The data:
***

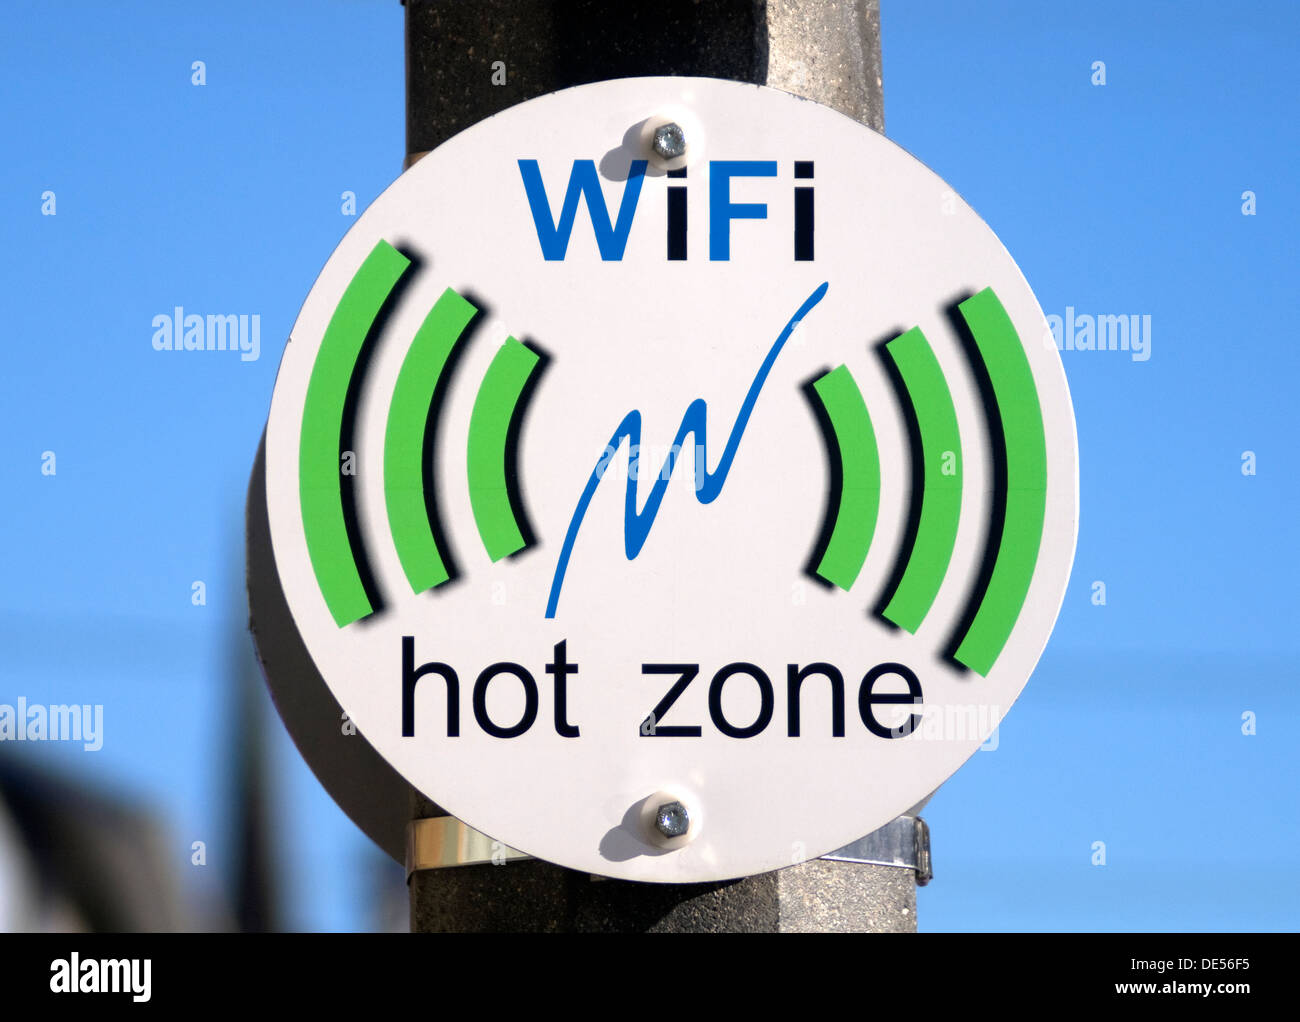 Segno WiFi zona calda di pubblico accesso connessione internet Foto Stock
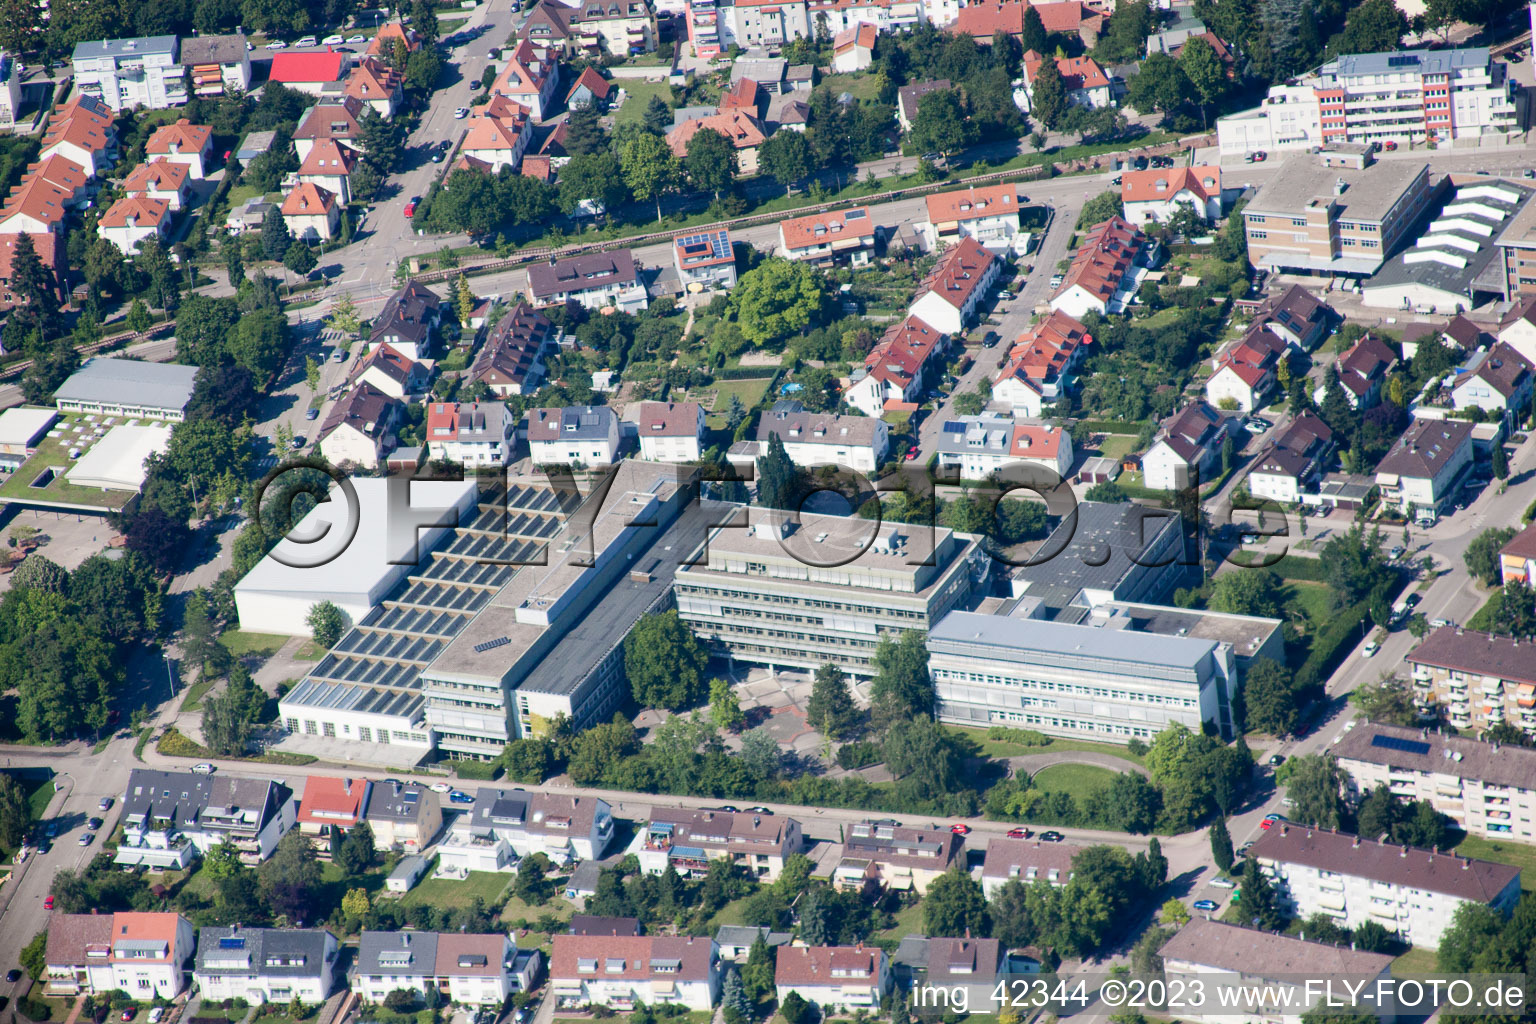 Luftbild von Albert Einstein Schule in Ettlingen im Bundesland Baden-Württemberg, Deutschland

***

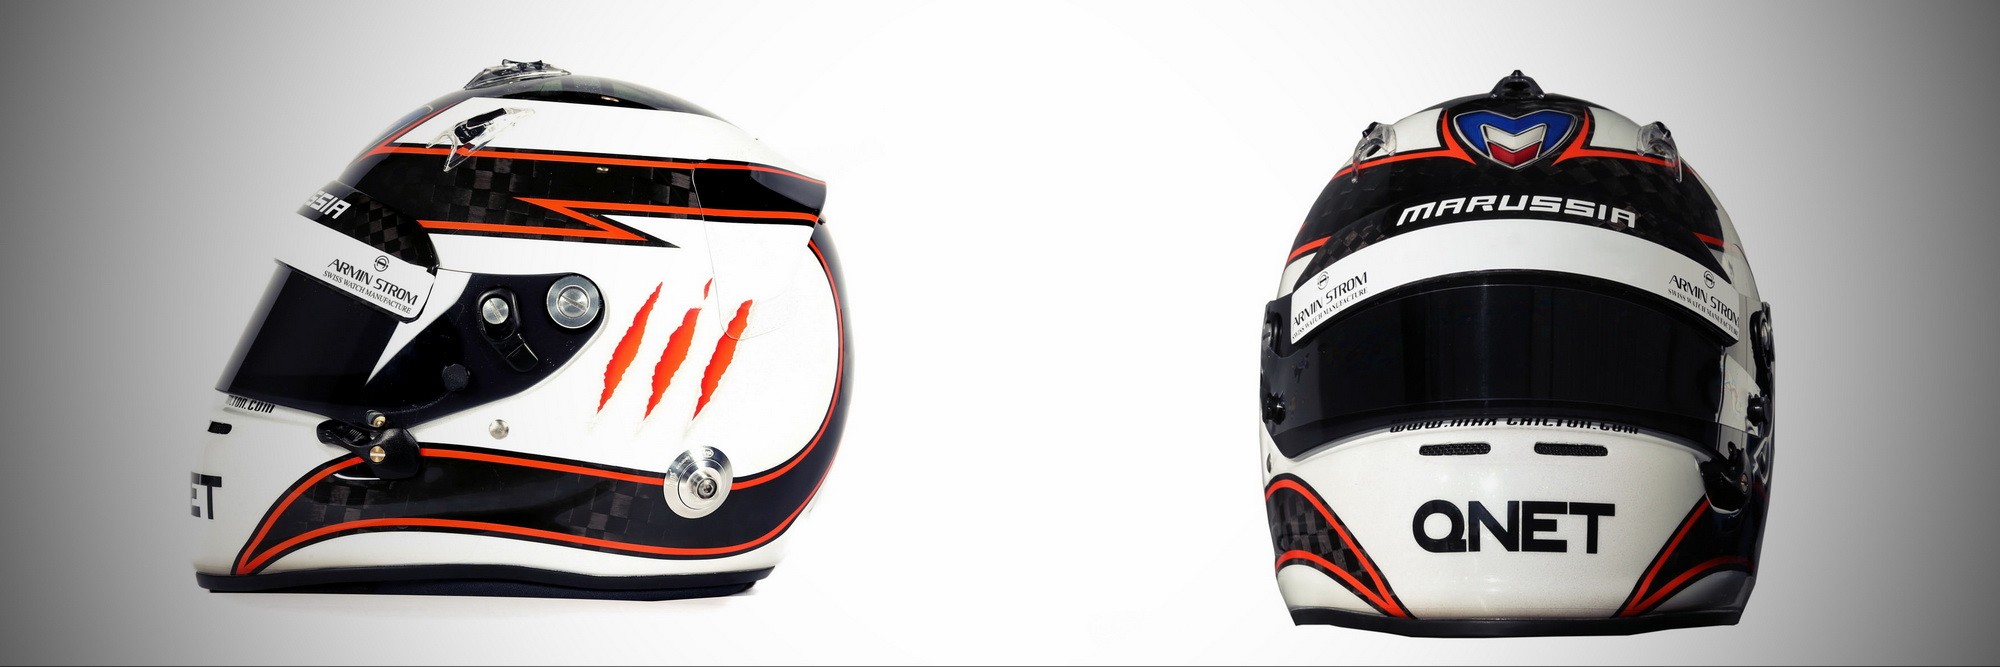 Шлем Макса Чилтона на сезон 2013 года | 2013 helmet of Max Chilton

***

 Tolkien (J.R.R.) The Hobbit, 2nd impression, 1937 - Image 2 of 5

***

Exercise instructions: With the pictures left out, write out exactly the lines above from the one containing "Segno WiFi zona" through the one containing "Luftbild von Albert".

Exercise response:
 Segno WiFi zona calda di pubblico accesso connessione internet Foto Stock
 Luftbild von Albert Einstein Schule in Ettlingen im Bundesland Baden-Württemberg, Deutschland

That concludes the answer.